Not very useful, but it means we can now concentrate on writing the filter code itself. This filter consists of a single statement, BPF_RET that tells the kernel to deliver an amount of bytes of the packet to the receiving process and to return from the filter. The BPF_K option means that we give the amount of bytes as the argument to the statement, and in this case we give the largest possible value. In other words, this statement declares to deliver the whole packet and return from the filter.
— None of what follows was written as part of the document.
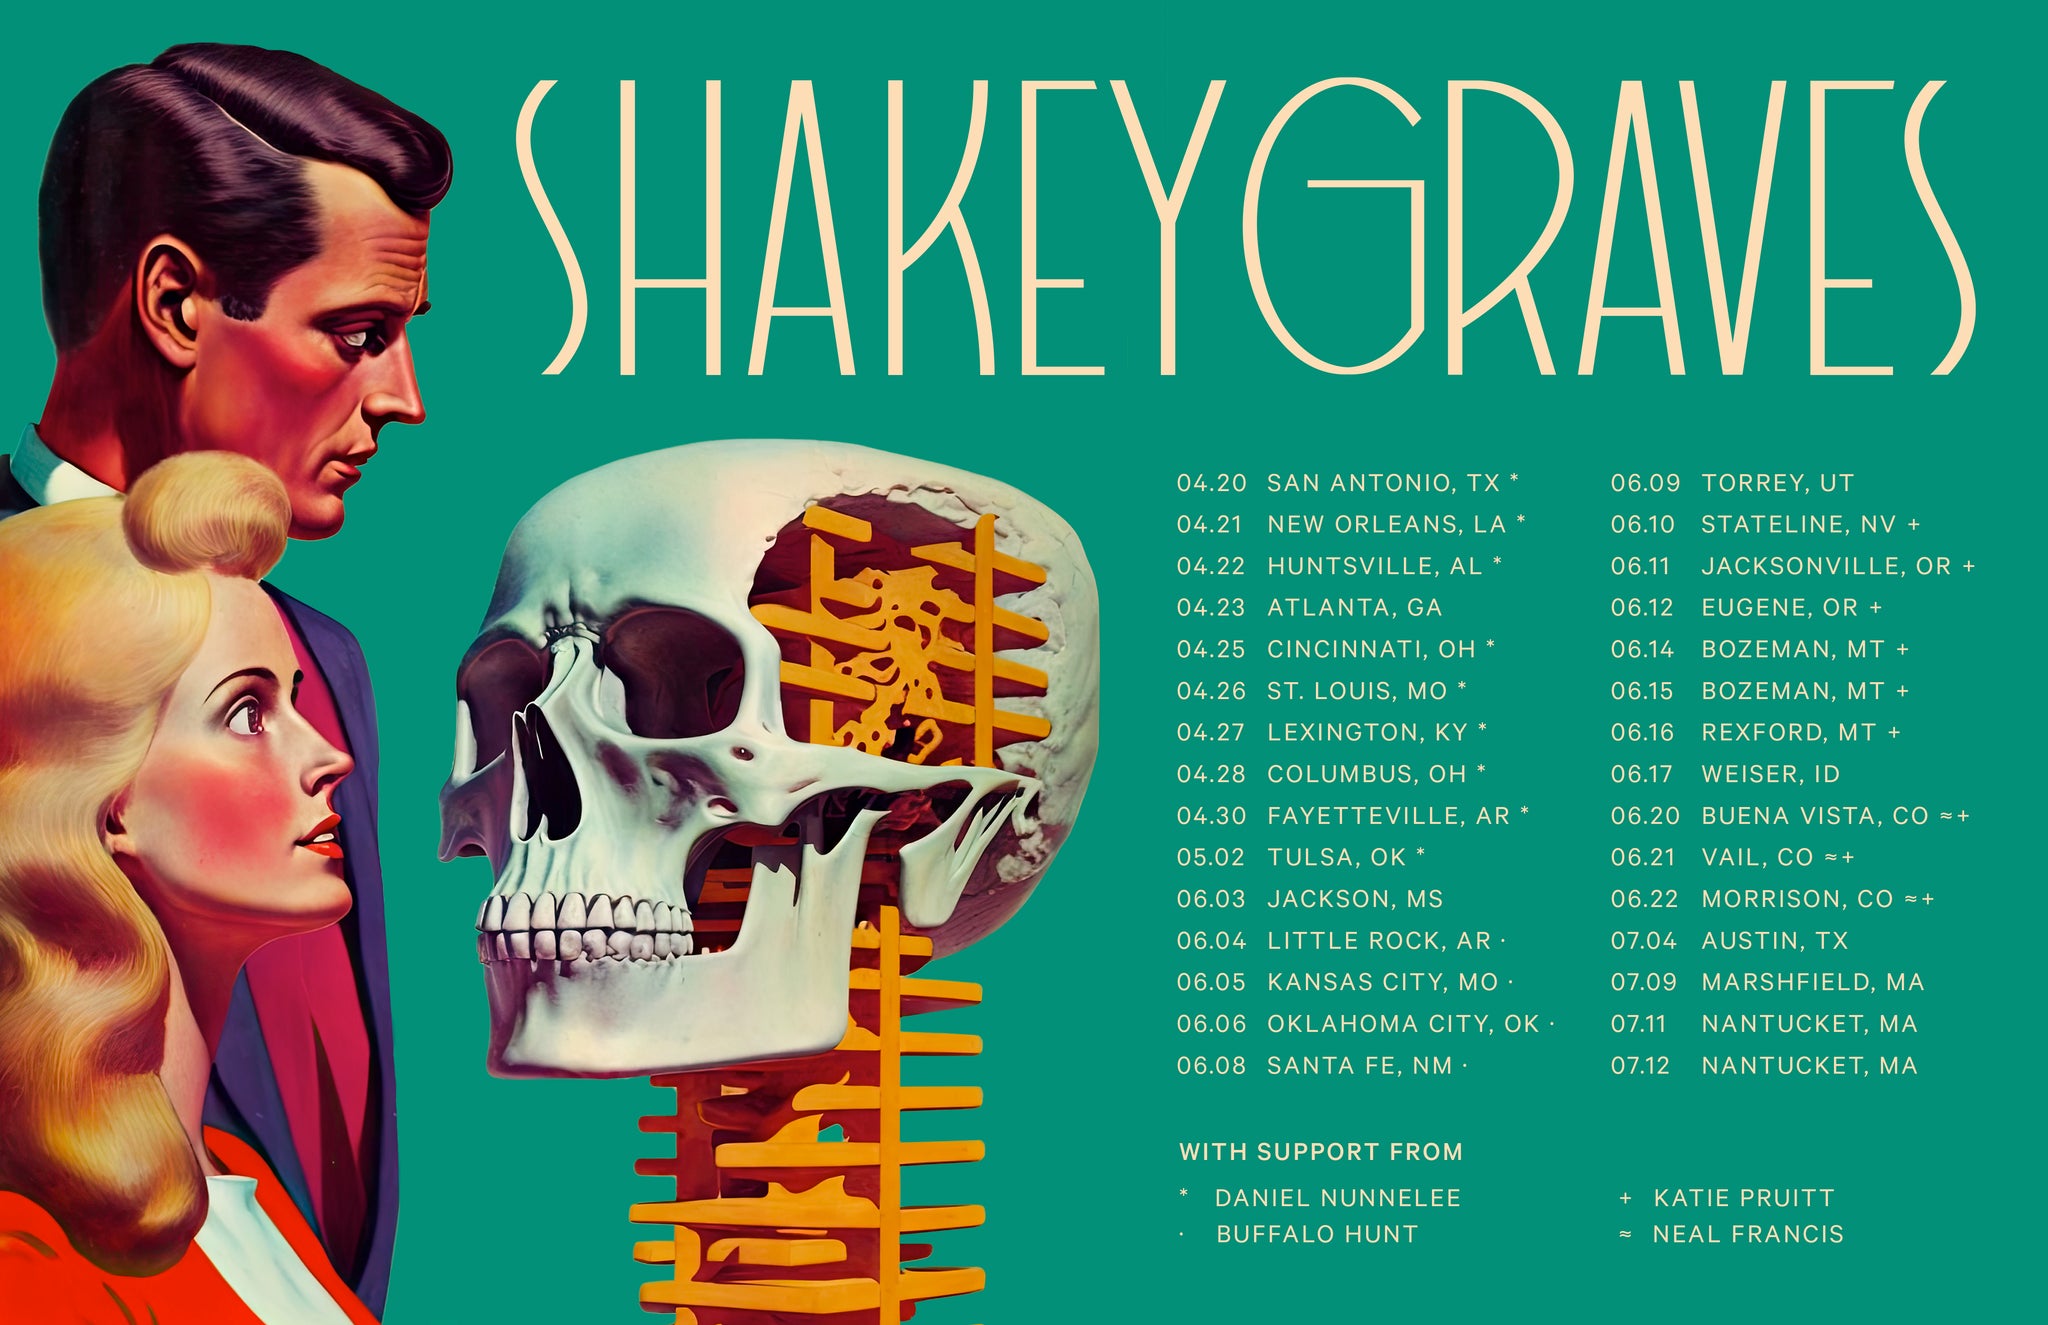 shakey graves tour

To not wake up the process at all, and filter everything we deliver no bytes and return from the filter.

BPF_STMT (BPF_RET|BPF_K, 0);

You may want to test that too.

Ok, now let’s actually do some examination of the packets to filter out the noise. Recall that we’re dealing with nested messages here, messages inside messages, inside messages. Visualizing this is really important to understanding what you’re dealing with.

The most basic filter code consists of three operations: load a value from the packet into the machine’s accumulator, compare that against a value and jump to a different instruction if equal (or not equal), and then possibly return or perform another operation.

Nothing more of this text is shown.